Rigidez, violácea frialdad de manos, de orejas, de nariz; ácido roce del aire en la tráquea, el fuelle del esfuerzo aventando gélida brisa en los pulmones; calor gratificante, tonicidad muscular, cálido trasiego de bienestar de la carne, sofoco, entrecortada respiración, batiente y apresurado latir en el pecho.

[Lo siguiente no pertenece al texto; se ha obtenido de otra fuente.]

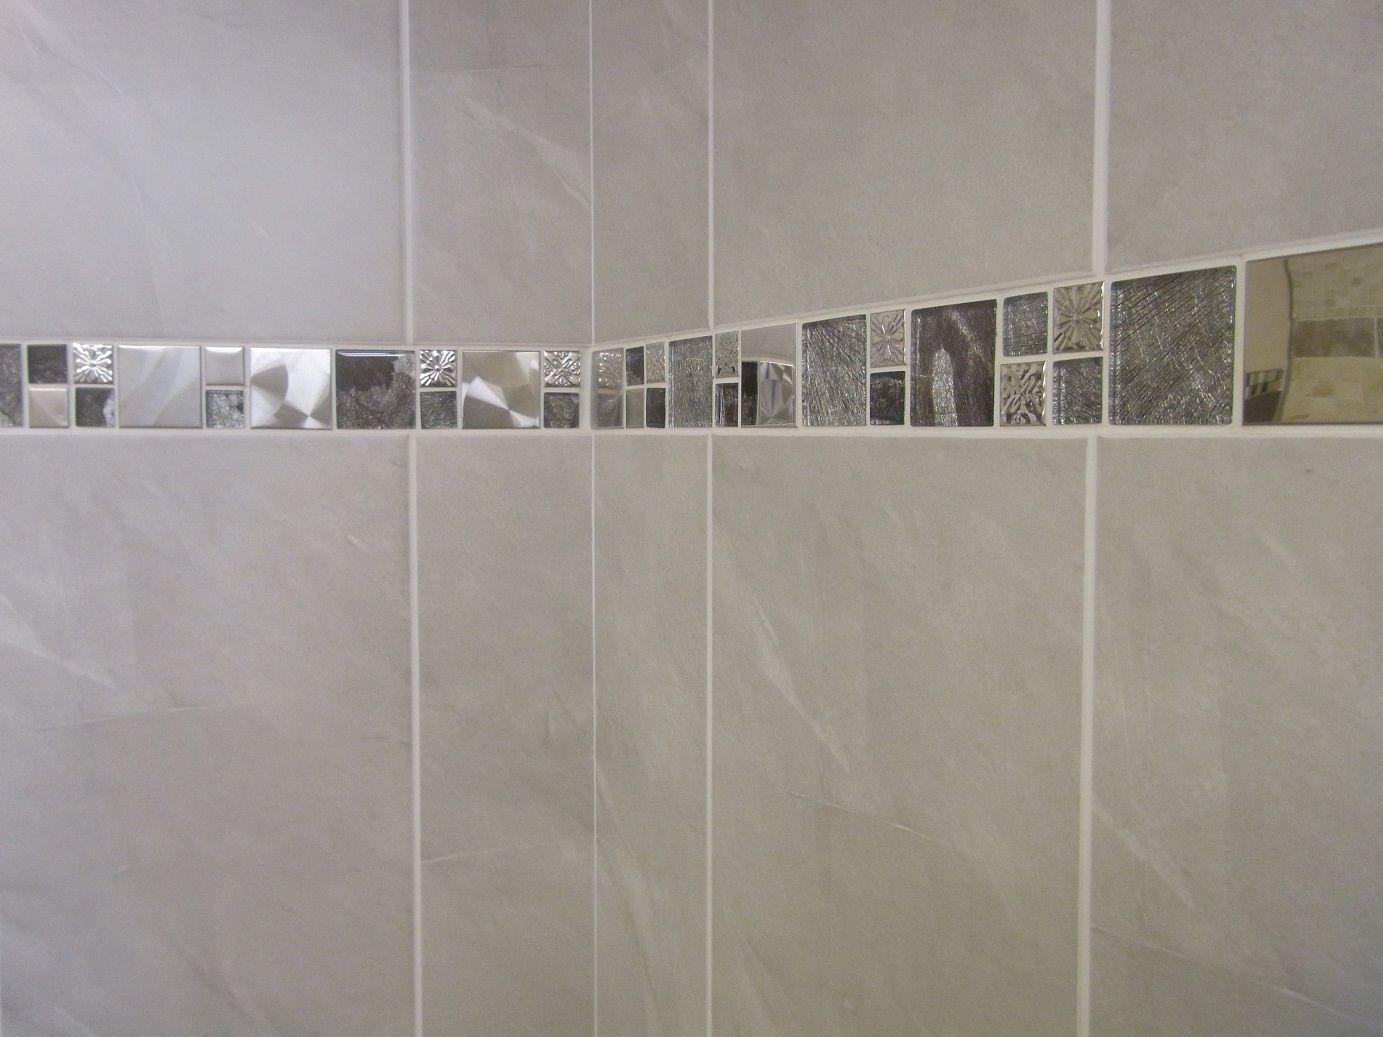 Ikea Showroom Bathroom Bathroom Sink Ikea Bathroom Images with

La cancela de largos barrotes de hierro, la puerta de cuarterones de pino, la tibia calidez de la casa. La luz estridente del baño: la ducha: agua fría del pozo, pequeños cristales impulsados por la bomba de presión sobre el cuerpo, azotando la espalda, los brazos; violenta fricción, marasmo de reacciones, elásticas ramas de abedul flagelando el dorso: Max von Sydow disponiendo en El Manantial de la Doncella su cuerpo para la venganza; pasión estética del frío y del esfuerzo, ejercicio solitario, búsqueda del placer, nevasca, ventisca, tormenta, exhausto bienestar, loa de invierno.